What do we do when a language is dying?

The Pitkern language is dying. It’s dying because it has a small number of speakers and it’s not the language of opportunity for the youngest generations, who are moving away to Australia and New Zealand. Even the Pitkern-language version of Wikipedia has been proposed for closure – twice. What can we do? What should we do? Is saving endangered languages like saving endangered species? Are there reasons to let a language die? I look at all this in my latest article for The Week… and when it comes to Pitkern, there’s an additional twist. Read it now:

Why do we fight so hard to preserve endangered languages?

 

4 responses to “What do we do when a language is dying?

  1. How is Pitkern a mix of “Old English and Tahitian”? I studied Old English in graduate school. The sentences you transcribed are like Modern English. And if Pitkern is 200 years old, its speakers would have had no contact with Old English, which morphed into Middle English more than a thousand years ago.

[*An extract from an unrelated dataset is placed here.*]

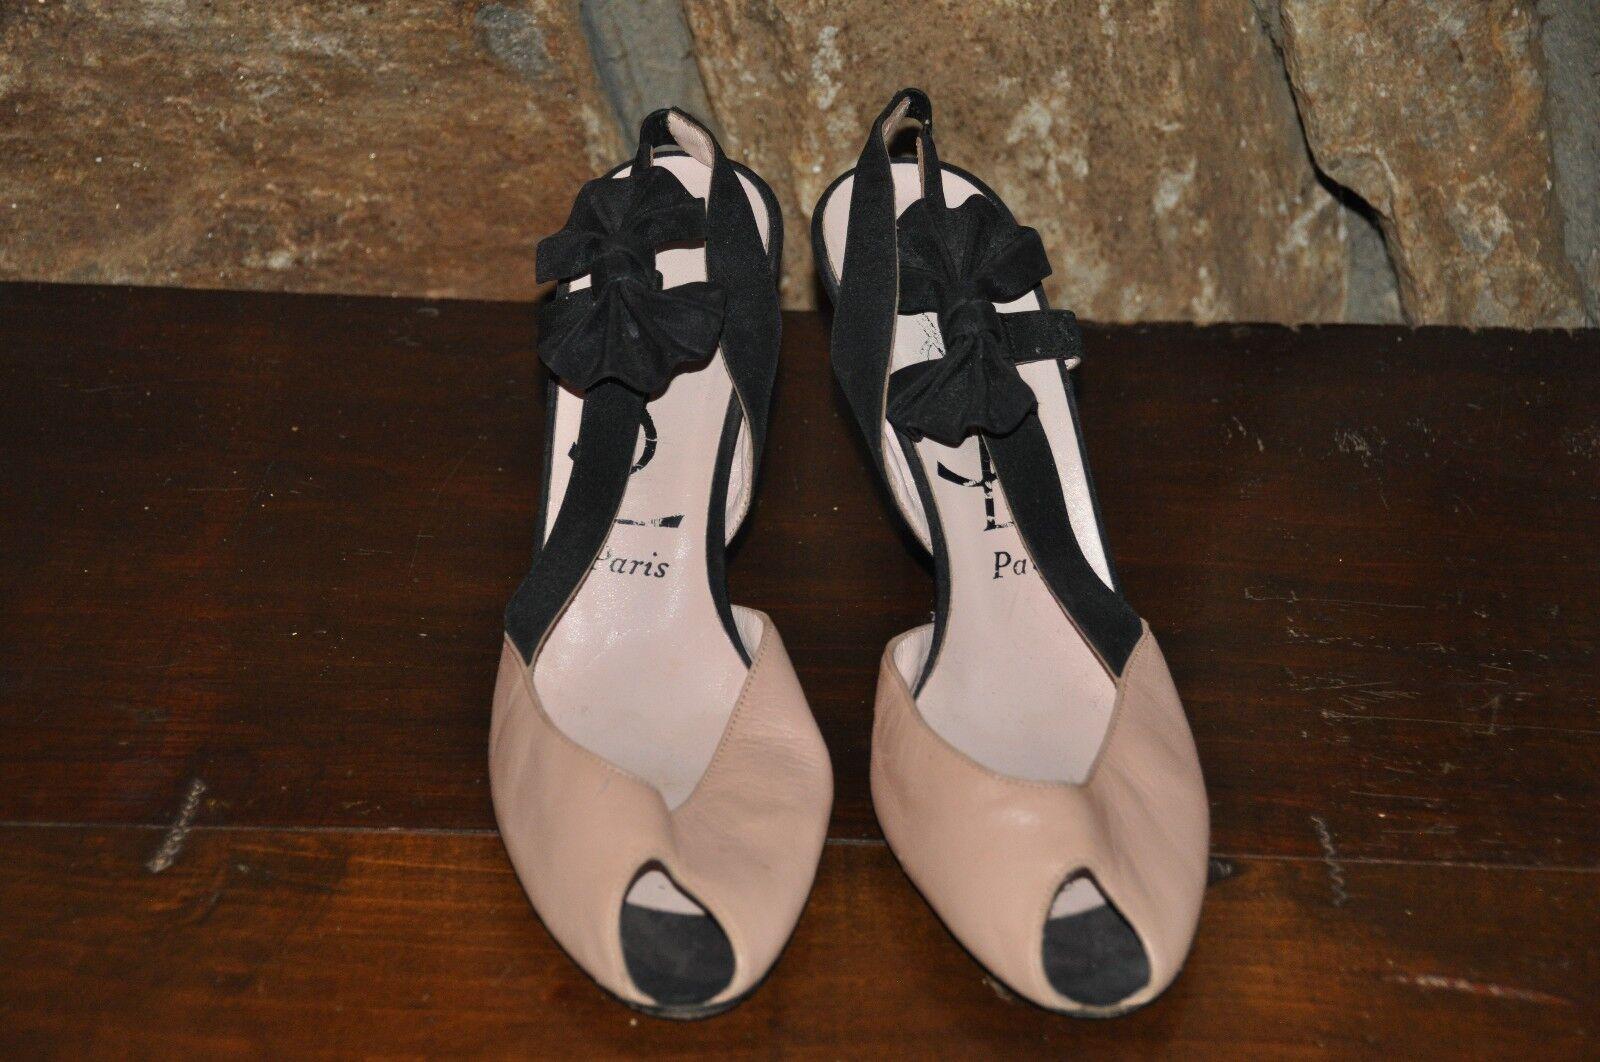 YSL Paris para Mujeres Zapatos rosado Superior Superior Superior De Cuero Puntera Abierta Arco de ESLINGA vuelta Talla EE. UU. 8M  sin mínimo
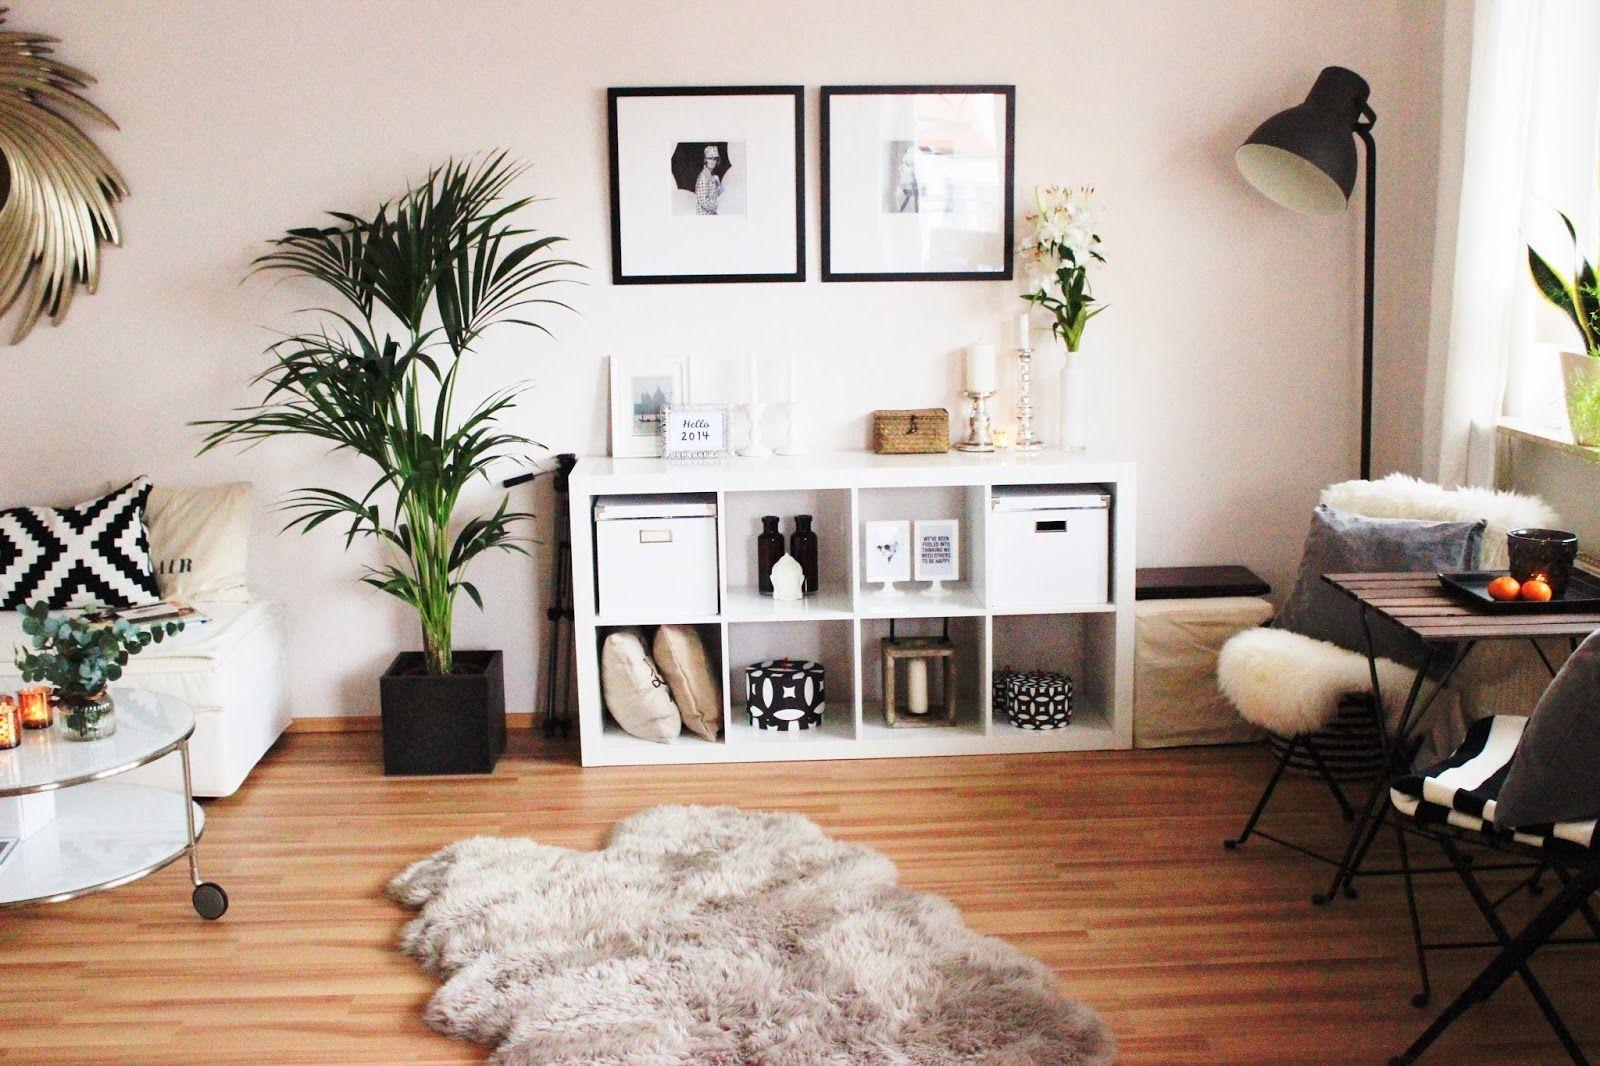 lazy and lovely januar 2014 hnliche projekte und ideen wie im bild vorgestellt findest du. Black Bedroom Furniture Sets. Home Design Ideas

    • I did notice that issue, too, but it’s evident that their article meant old (as in not current) English, not Old English – although I suspect no one on Pitcairn or Norfolk really knows about Old English (even the general educated population of Canada, the US, and England tend to think Shakespeare is Old English when, of course, it’s Early Modern English).

      Point of correction, though: The usual demarcating date between Old English and Middle English is arbitrarily set at 1066, the year of the Norman Conquest, but the greatest force for change in English through the Middle English period was the French influence (both through contact effects and through removing English from official status and consigning it to the level of common speech, more susceptible to change) – and the French influence started in 1066; thus, it’s more accurate to say that Old English was still Old English a thousand years ago but was soon to undergo a significant transformation. Early Modern English is typically arbitrarily set as starting in 1476, the year Caxton started his printing press, which was an important force for standardization, but of course that’s arbitrary too.

      (Yes, I studied Old English, too, and the history of the English language.)

  2. I feel you. My parents are from South Asia and I kinda speak their language and it’s sad because my kids probably won’t know it and eventually their kids etc will be saying, oh yeah I think our great-grandparents were from Asia or sometime.